Something Really Unusual Is Happening

american-dream-0904-01a An op-ed in today's New York Times in the form of an AIG resignation letter, and an article in this month's Vanity Fair, re-evaluating the American Dream, raise questions rather than offering overly simplistic answers.  Most interesting question: What do people think the Dream is?  If it's changing the world, then Dr King and Donald Trump could both be seen as people who achieved it, in spite of the wide qualitative chasm between the meanings of their lives.  If it's winning a popularity contest, then let's take Barack Obama and Jennifer Hudson too.  Throw in a little Lance Armstrong and any number of other folk known for triumph over adversity and you've got your American Dream right there.  Although if you look at the amazing photographs from the 1950s in the VF article you're quickly reminded that until not so long ago the Dream was nothing more than home ownership, a mid-sized family, and all the Coke you could drink.

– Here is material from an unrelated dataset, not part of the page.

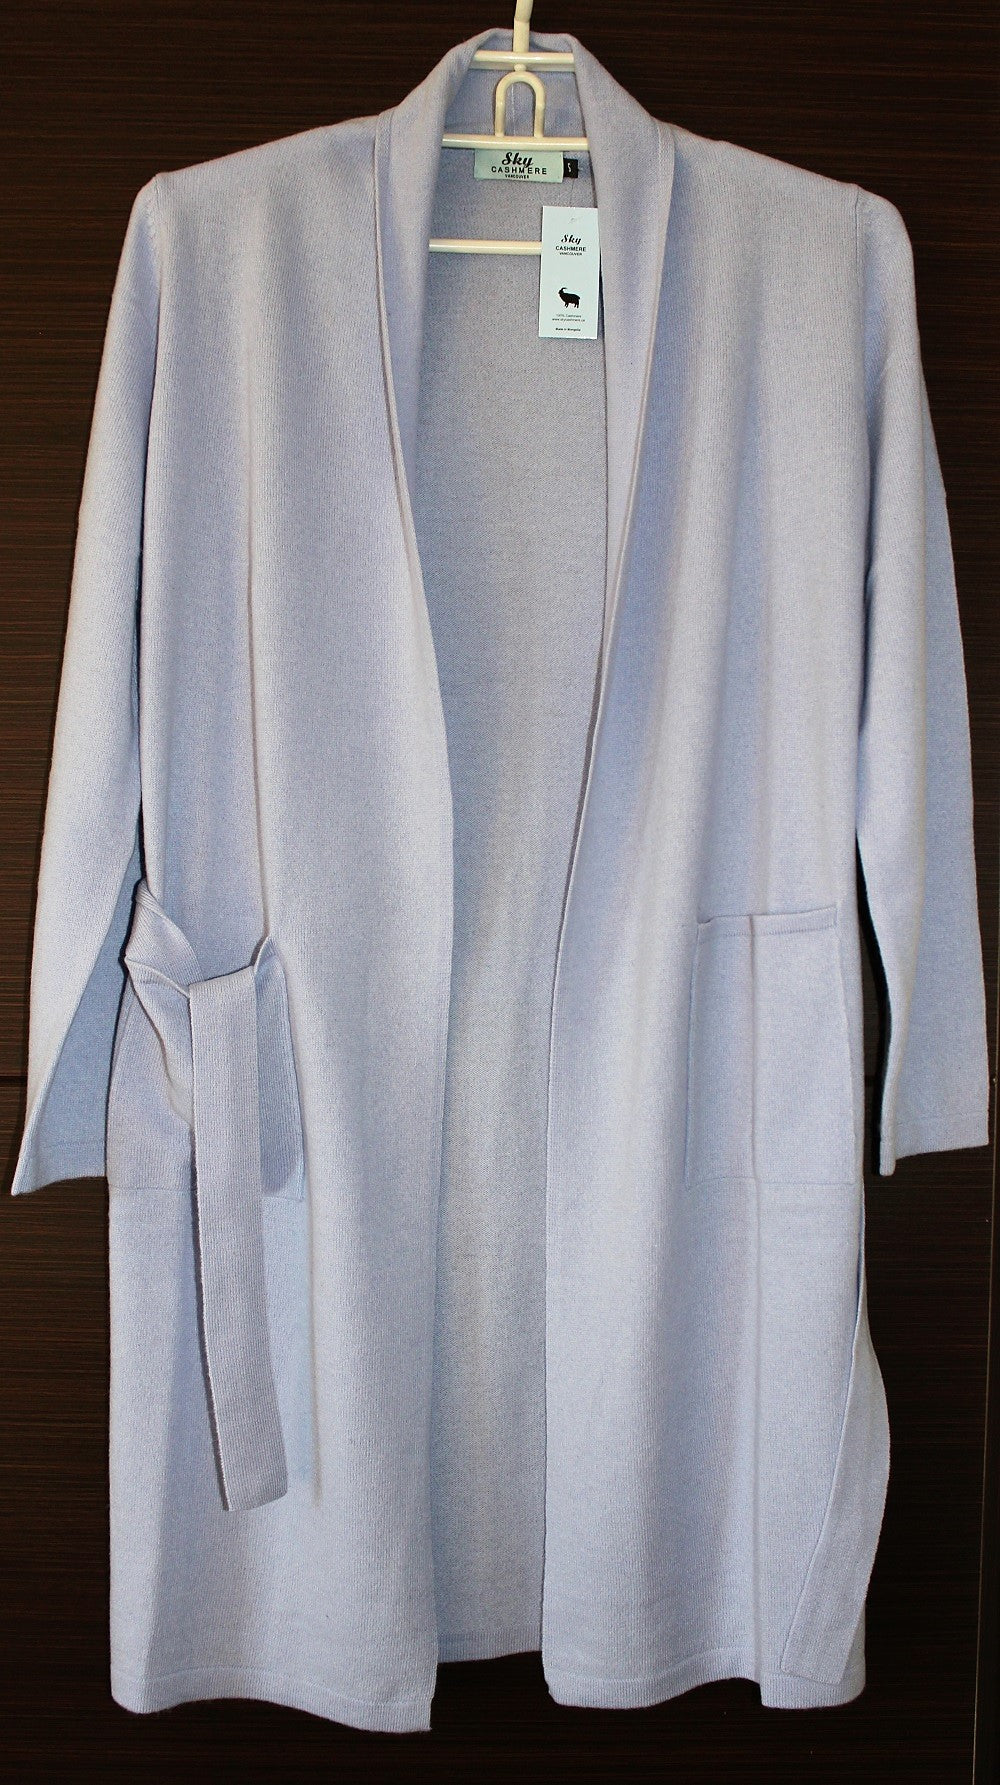 Womens Cashmere Long Robe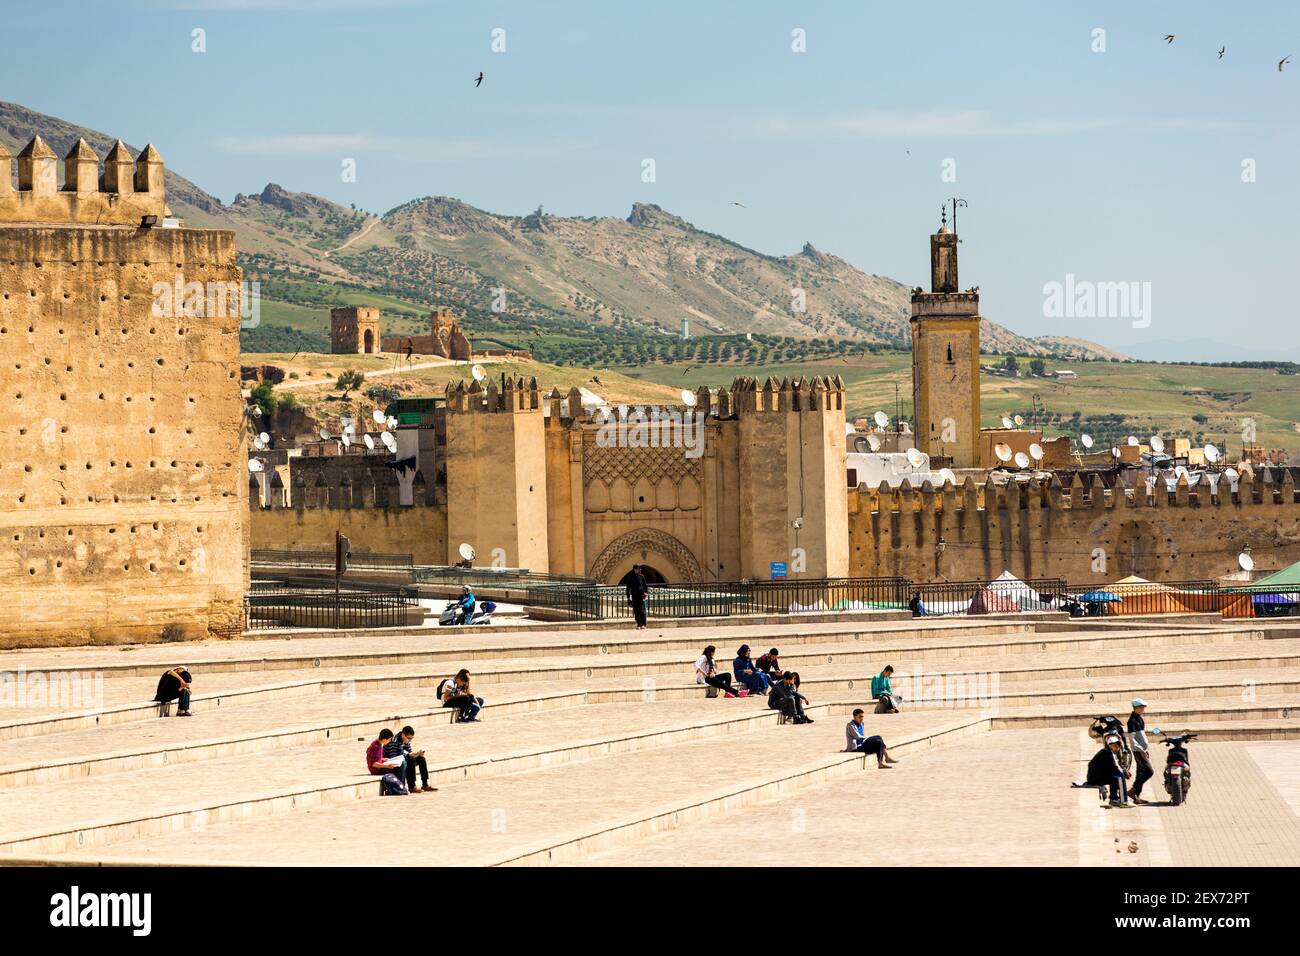 Morocco, Fez, ramparts or mechouar, surrounding the city built in the 17th century, with people sitting in an open square Stock Photo

Was the American Dream always about one man making it big for himself and his family? (Let's not pretend that it was a gender-neutral dream.) Or was there something a little more, dare we say it, 'communitarian' going on under the surface?  Think about the Old West - whose colonisation was certainly one of the earliest incarnations of the Dream...Sure, people killed each other in the race to the frontier, but they may also have met each other's needs - shelter for the night, food when it was needed; people ultimately defining their units of concern more widely than a mythical nuclear family which did not yet exist.

As for today, whatever is really going on right now, the fact that a serious conversation about the moral dimensions of economics is not only underway in public, but not considered an embarrassment in polite company, well, it's a start.  Let me add my inflation-busting two-cents with a brief hypothesis: The American Dream is dead.  The rest of the world has an American Dream: one often hidden under antagonistic sentiment toward our misunderstood fifty-state brothers and sisters.  It's a dream that America might stand for what it has done so often in literary and cinematic myths: a tune that goes something like this:

We're-All-In-This-Together

The American Dream is dead.  But that doesn't mean we can't dream a new one.